The package tidyverse is an opinionated collection of R packages designed for data science, including dplyr, tidyr, stringr, readr, tibble, ggplot2, purrr and so on. plotly helps to make visualizations interactive.visNetwork is a great tool to visualize network data with interactive effects. arulesSequences is a package for Aripri Algorithm, mining frequent patterns from a dataset.
packages = c("tidyverse", "plotly", "visNetwork","arulesSequences")
for (p in packages){
if (!require(p, character.only = T)){
install.packages(p)
}
library(p, character.only =T)
}
## Loading required package: tidyverse
## -- Attaching packages ---------------------------------------------------------------------------------------------- tidyverse 1.3.0 --
## v ggplot2 3.3.2 v purrr 0.3.4
## v tibble 3.0.2 v dplyr 1.0.0
## v tidyr 1.1.0 v stringr 1.4.0
## v readr 1.3.1 v forcats 0.5.0
## -- Conflicts ------------------------------------------------------------------------------------------------- tidyverse_conflicts() --
## x dplyr::filter() masks stats::filter()
## x dplyr::lag() masks stats::lag()
## Loading required package: plotly
##
## Attaching package: 'plotly'
## The following object is masked from 'package:ggplot2':
##
## last_plot
## The following object is masked from 'package:stats':
##
## filter
## The following object is masked from 'package:graphics':
##
## layout
## Loading required package: visNetwork
## Loading required package: arulesSequences
## Loading required package: arules
## Loading required package: Matrix
##
## Attaching package: 'Matrix'
## The following objects are masked from 'package:tidyr':
##
## expand, pack, unpack
##
## Attaching package: 'arules'
## The following object is masked from 'package:dplyr':
##
## recode
## The following objects are masked from 'package:base':
##
## abbreviate, write
The function read_csv from package readr is used to read the stack dataset.
tags <- read_csv("E:/111Visual Analytics & Applications/Session10 Assign5/tag_list.csv")
## Parsed with column specification:
## cols(
## X1 = col_double(),
## tag_list = col_character(),
## size = col_double()
## )
head(tags)
## # A tibble: 6 x 3
## X1 tag_list size
## <dbl> <chr> <dbl>
## 1 0 ['git', 'macos', 'file', 'git-clean'] 4
## 2 1 ['django', 'amazon-s3', 'tinymce'] 3
## 3 2 ['windows', 'jenkins', 'jenkins-pipeline'] 3
## 4 3 ['php'] 1
## 5 4 ['c++', 'cmd', 'compilation'] 3
## 6 5 ['symfony', 'webpack'] 2
From the tags dataset, we could see a list of tags with that row of question and its number of tags.
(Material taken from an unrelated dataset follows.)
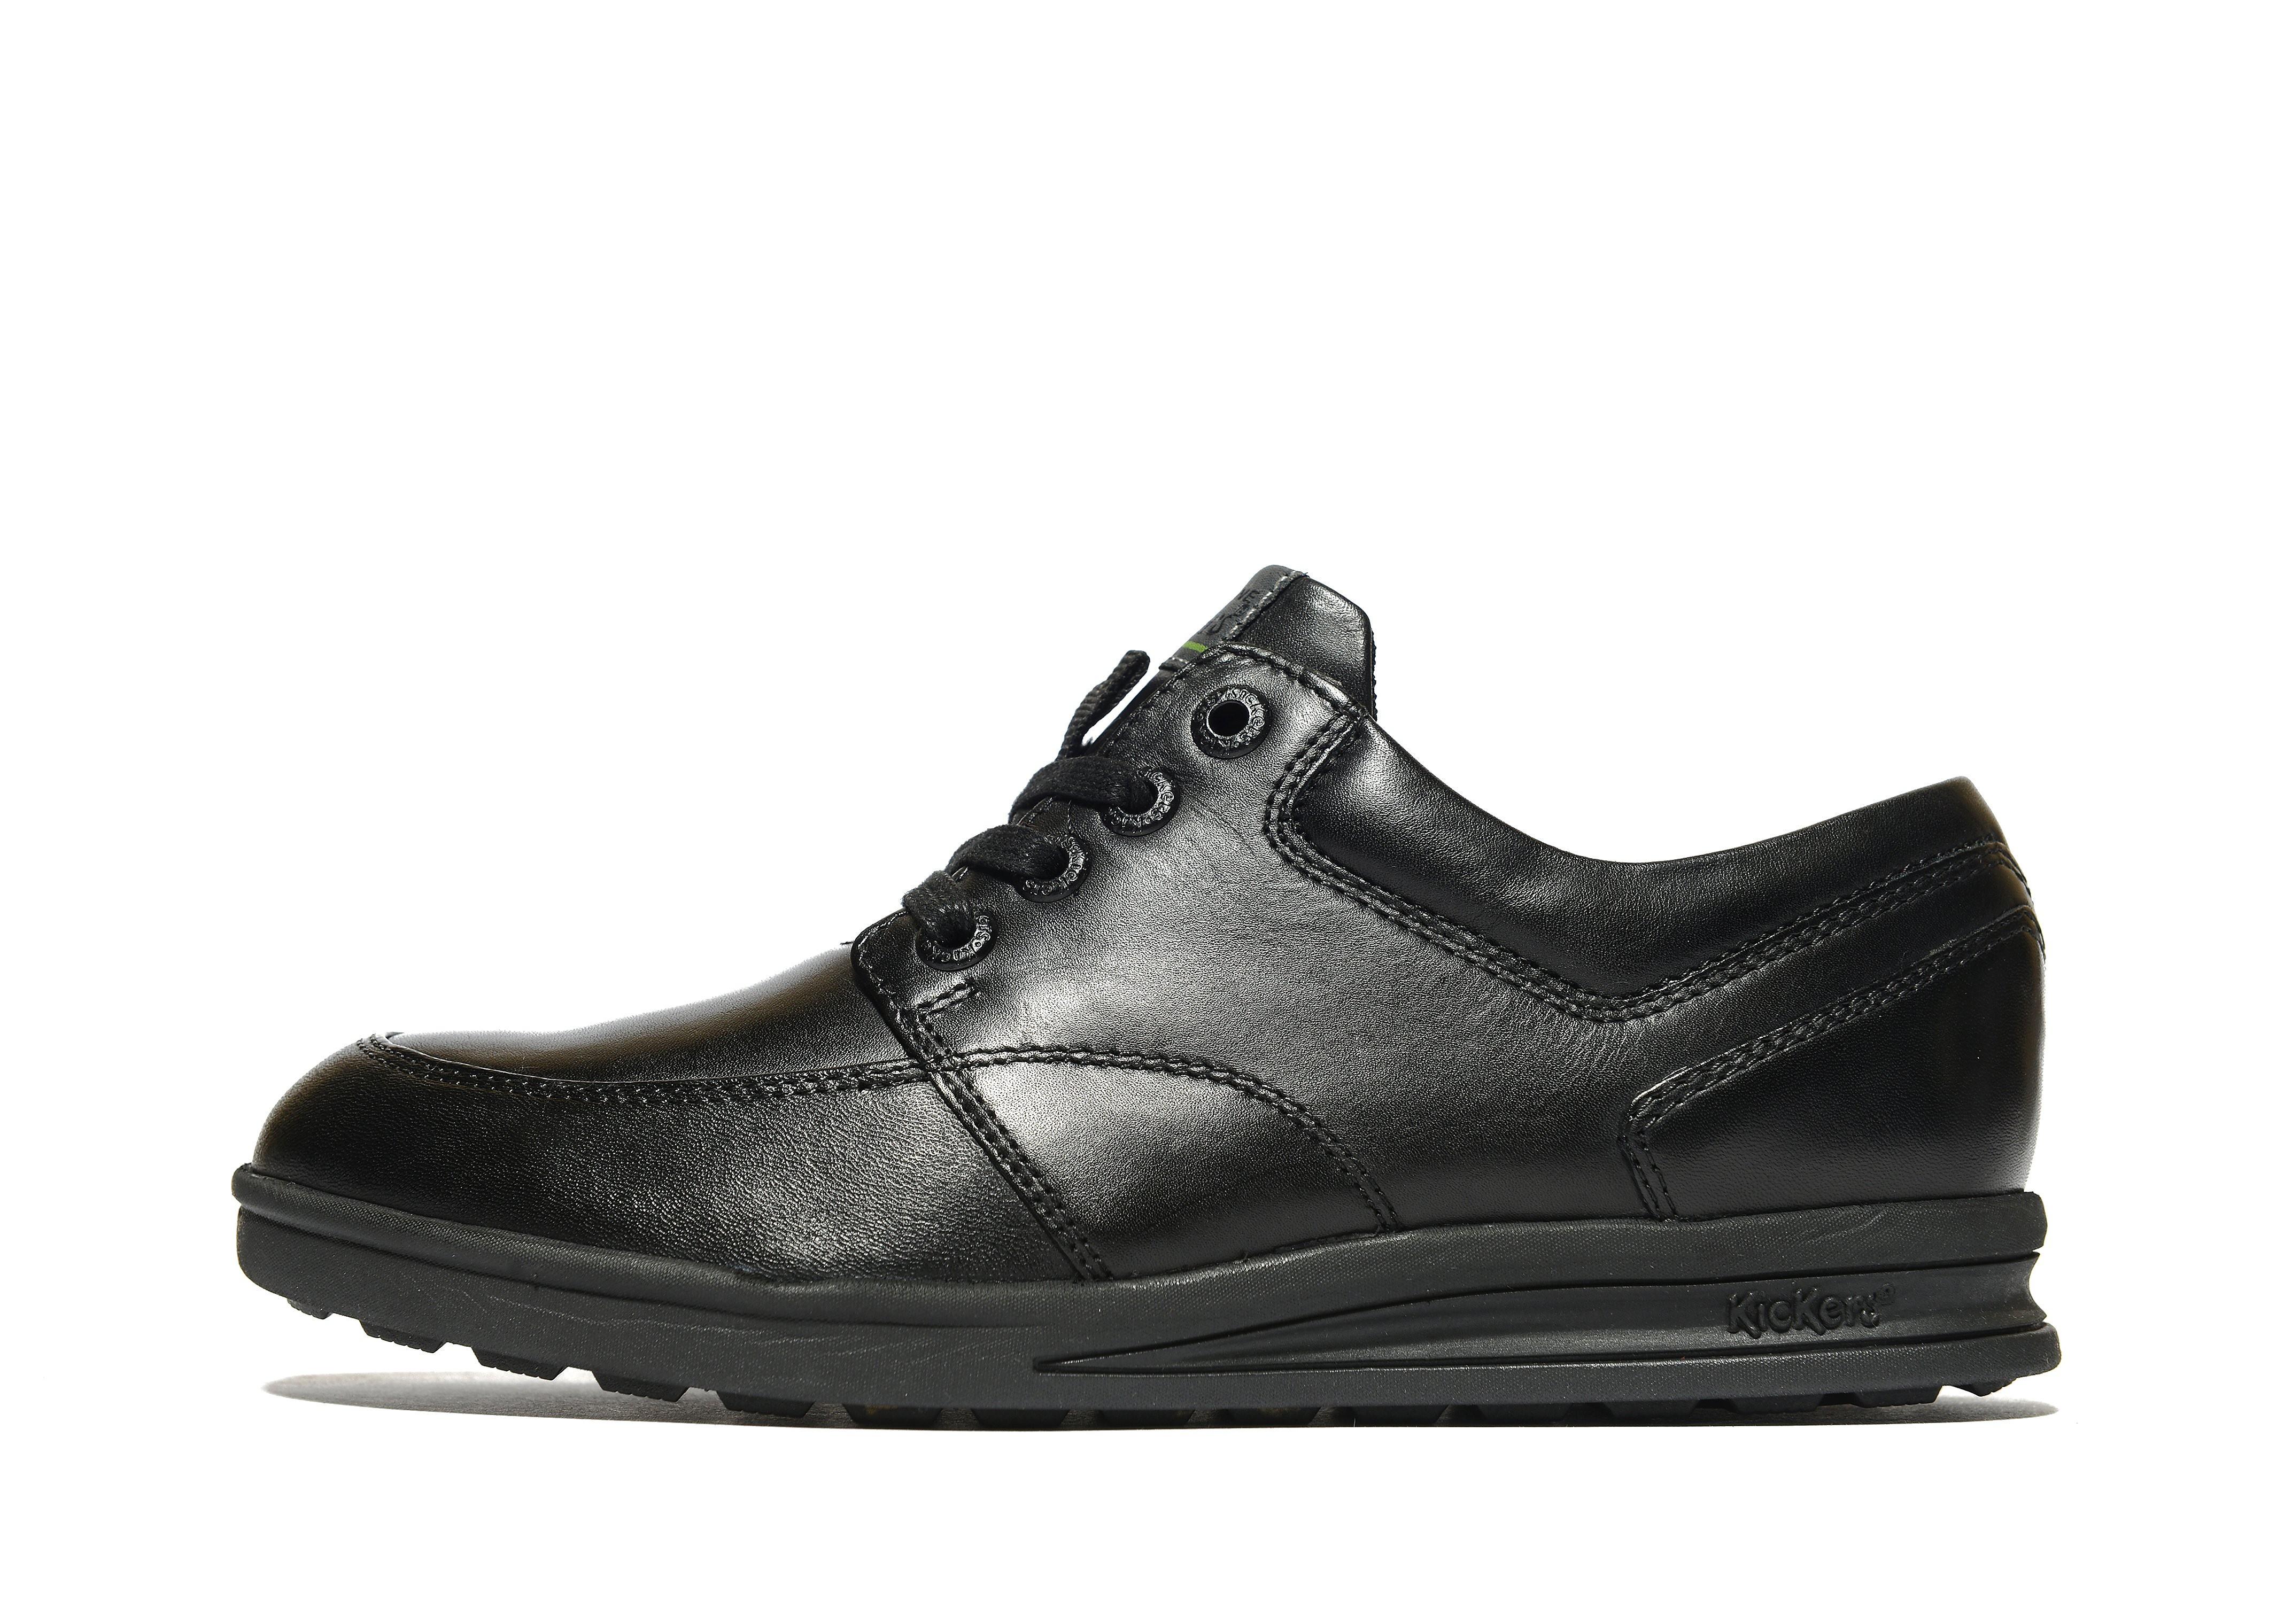 Kickers zapatos Troiko Lace

In the next step, we will find the most important tags or languages with most questions asked on Stack Overflow. See below the variable explainations.
Next, we will count the occurrences of each tag and count the percentage of occurrence of each tag. Results are shown in a descending order. Change the column names to make the meaning more intuitive.
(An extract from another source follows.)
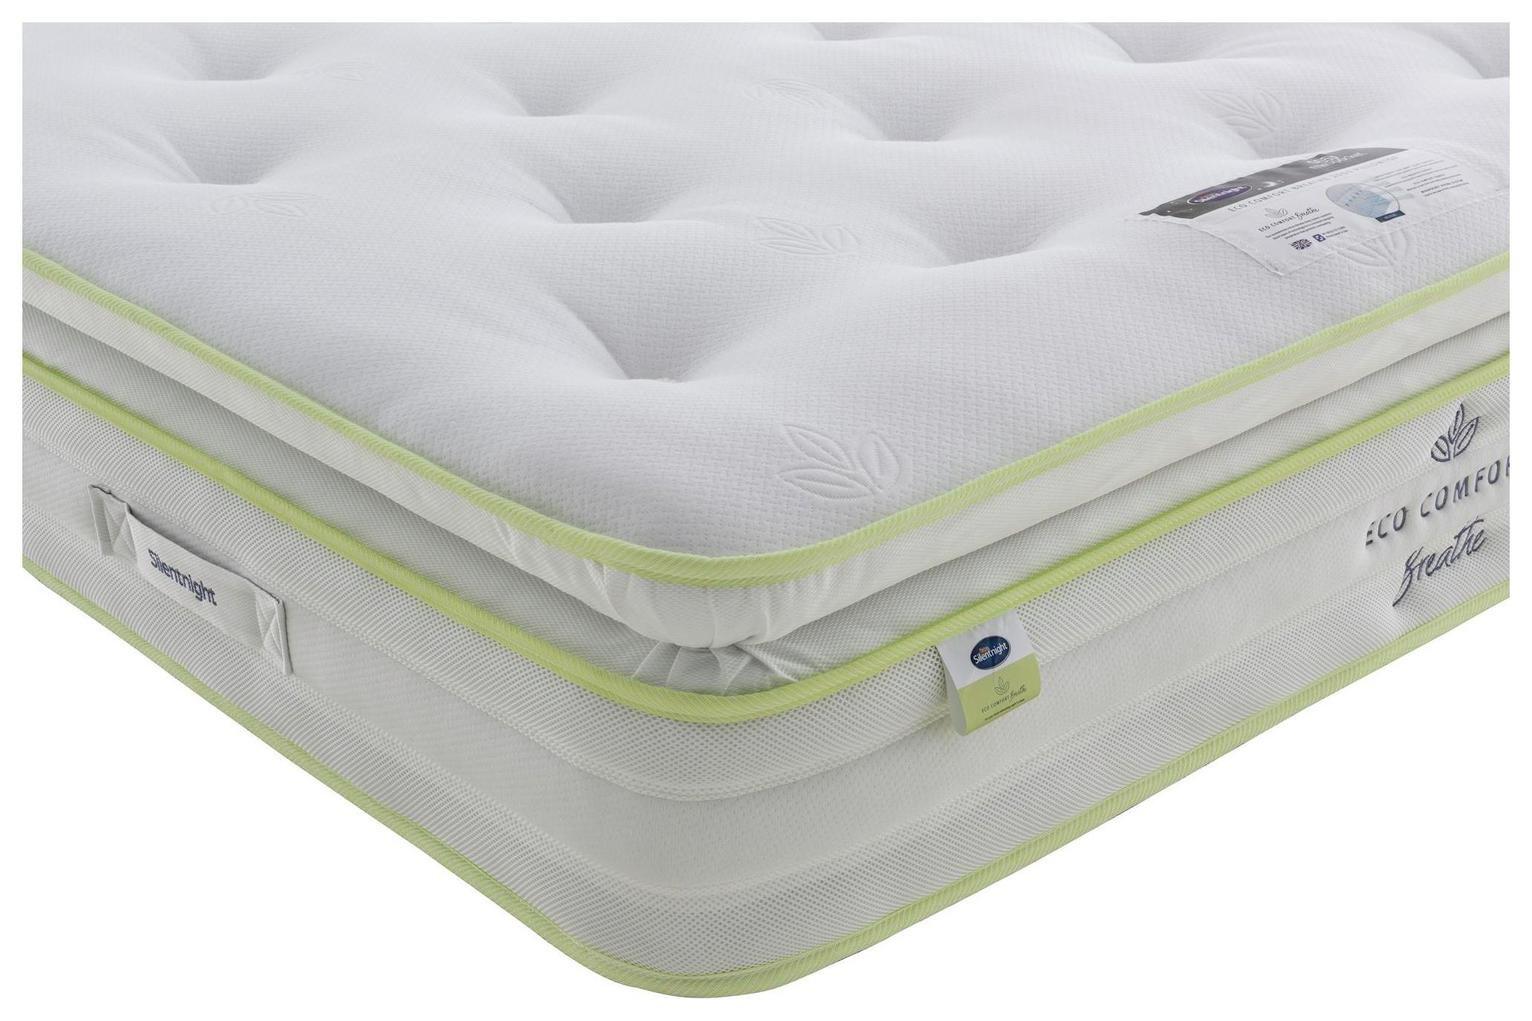 Silentnight Eco Breathe 2000 Pillowtop Superking Mattress

tags <- tags %>% mutate(tag_list = gsub("\\[|\\]|\\'", '', tag_list))
overview <- data.frame(table(unlist(strsplit(tags$tag_list, ","))))
overview <- overview[order(-overview$Freq),]
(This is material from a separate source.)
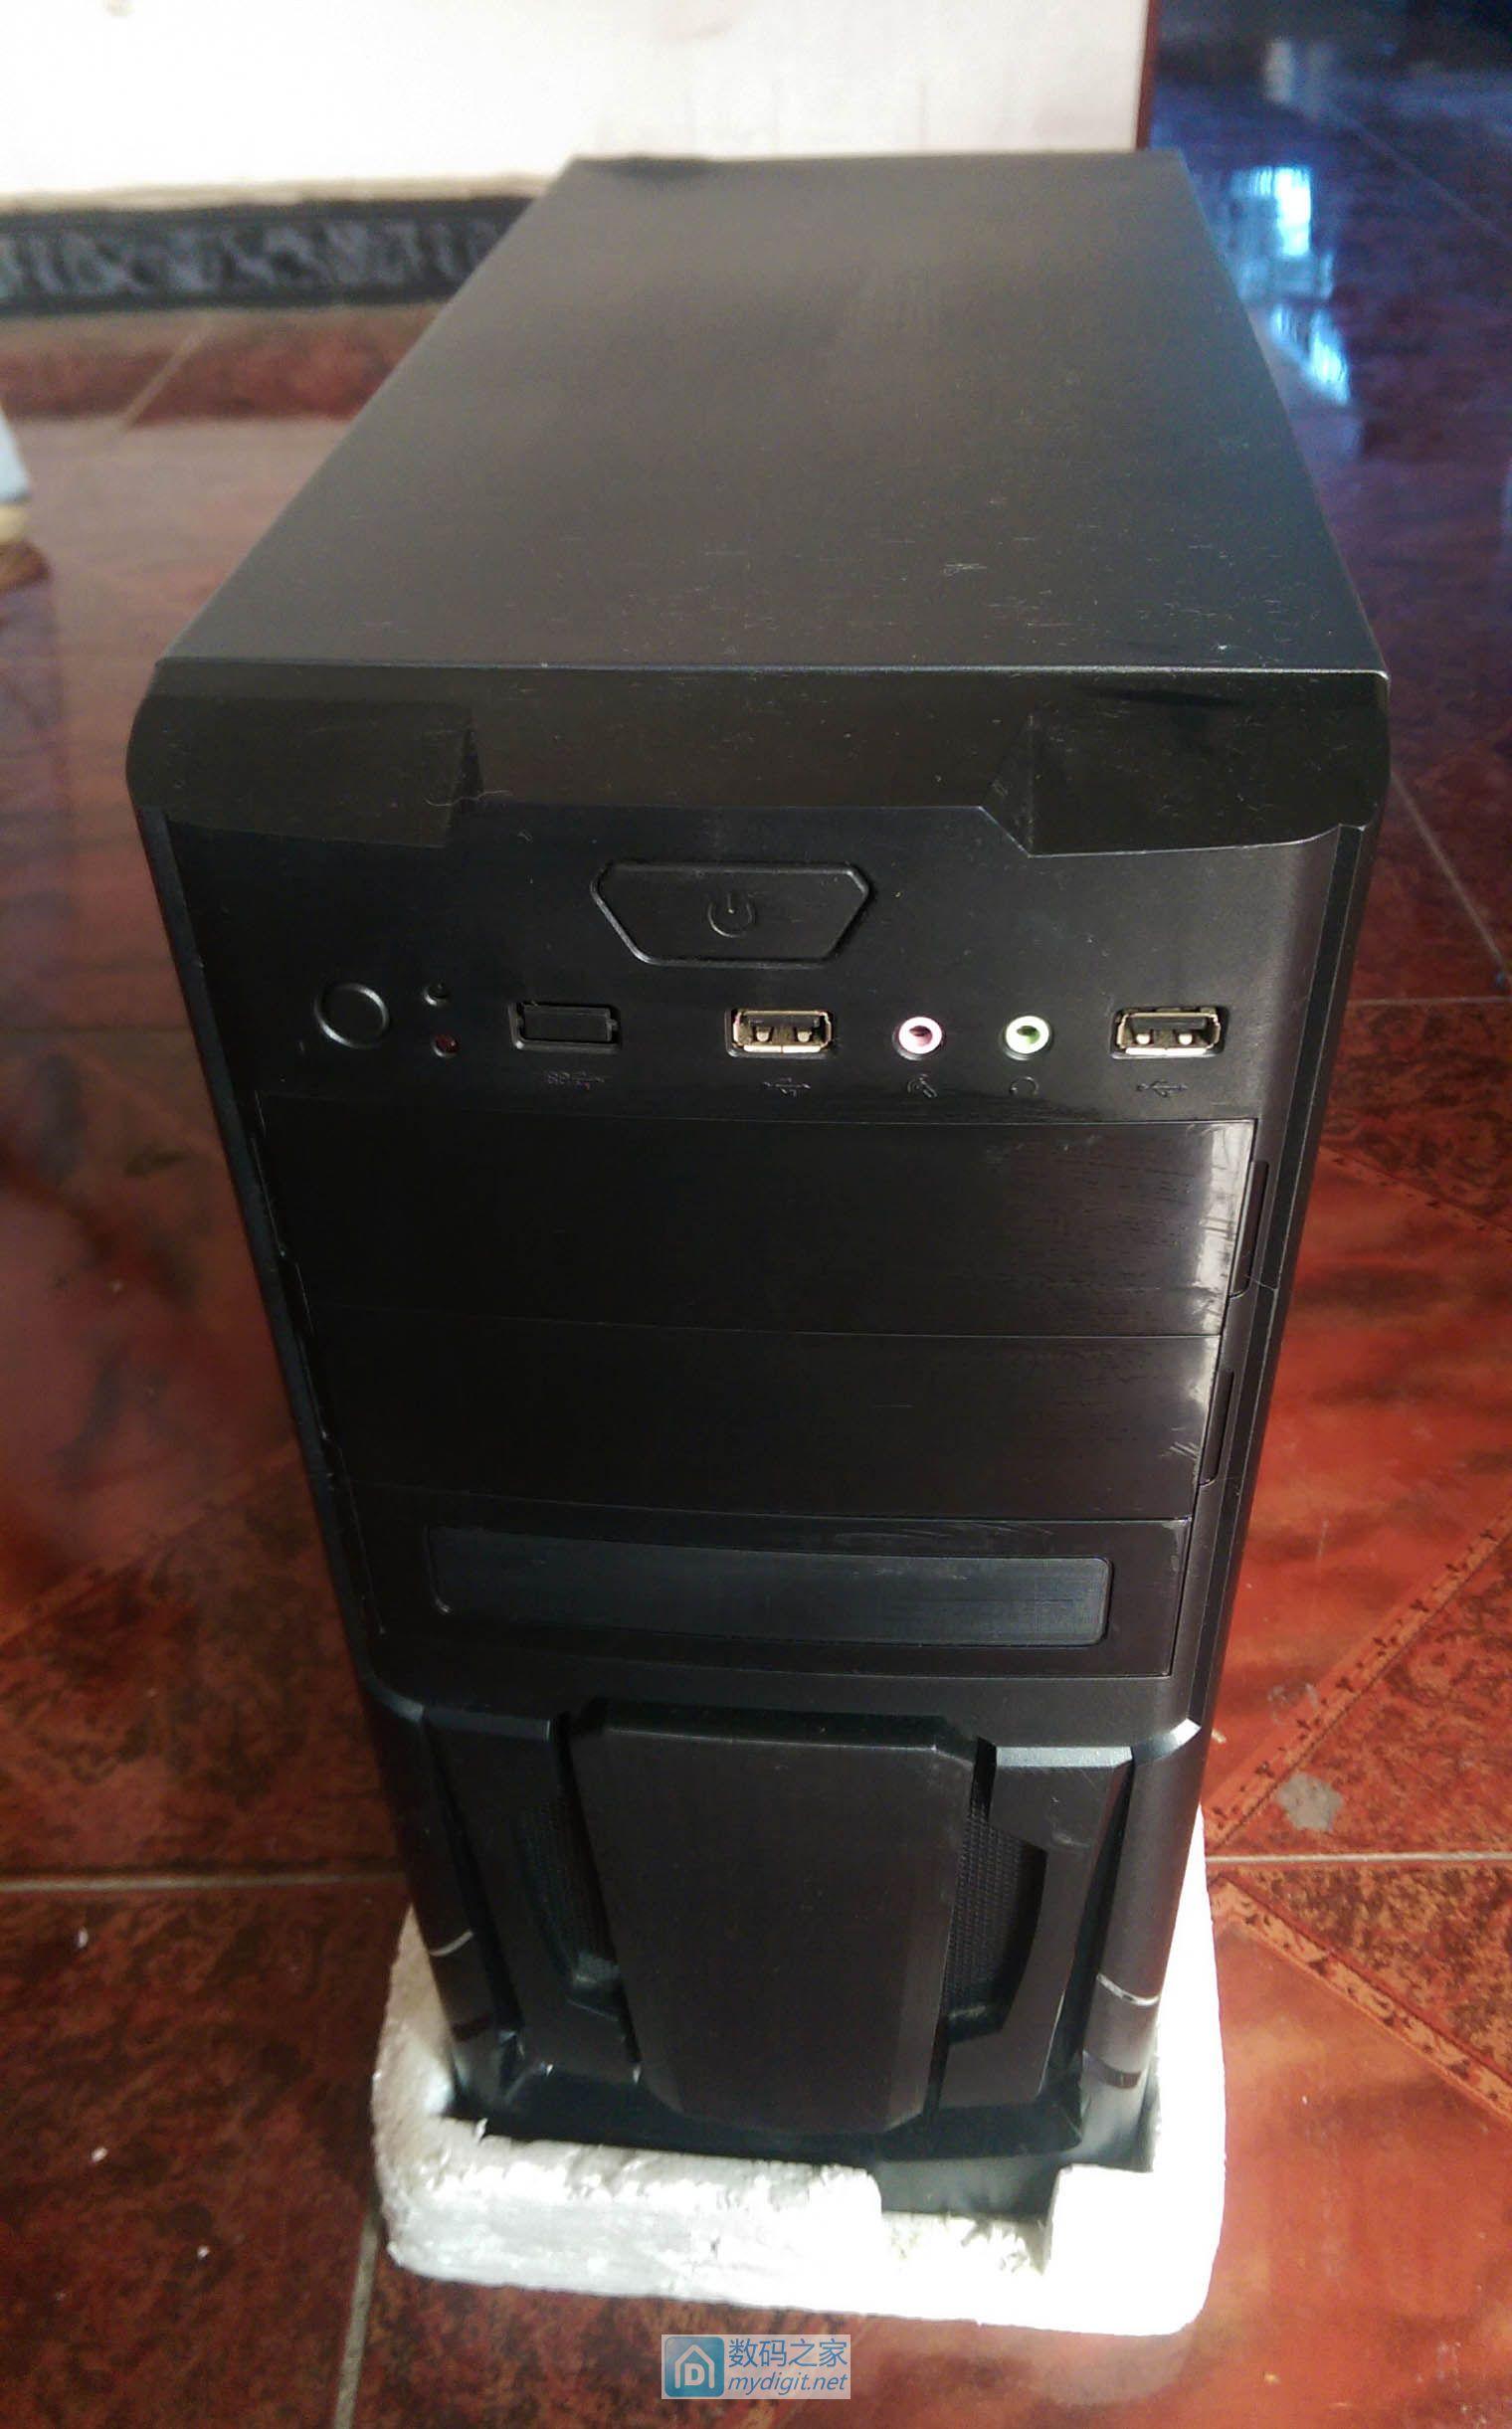 低价出售两套办公台式电脑,运行流畅,价格优惠,进来看看

overview$Freq <- overview$Freq / length(tags$tag_list) * 100
overview <- overview %>%
rename(Language = Var1) %>%
rename(Support = Freq)
head(overview)
## Language Support
## 46454 python 13.800344
## 43812 javascript 10.641598
## 43778 java 6.652674
## 40534 c# 4.544757
## 45996 php 3.302423
## 39394 android 3.281297
The reuslt shows that Python takes the largest proportion in the 2020 dataset, followed by Javascript. The column meaning is shown below.
| Column Name | Explaination |
|---|---|
| Language | The most frequently appeared language in Stack Overflow |
| Support | The percentage each language takes in the dataset |
Ah-ha! Now we know what we should focus on. Since Python is the most popular language for the time being, we would like to delve deeper into this language.
Since the data is downloaded from Kaggle, it is raw and thus lots of data manipulations need to be done in R to carry out this project.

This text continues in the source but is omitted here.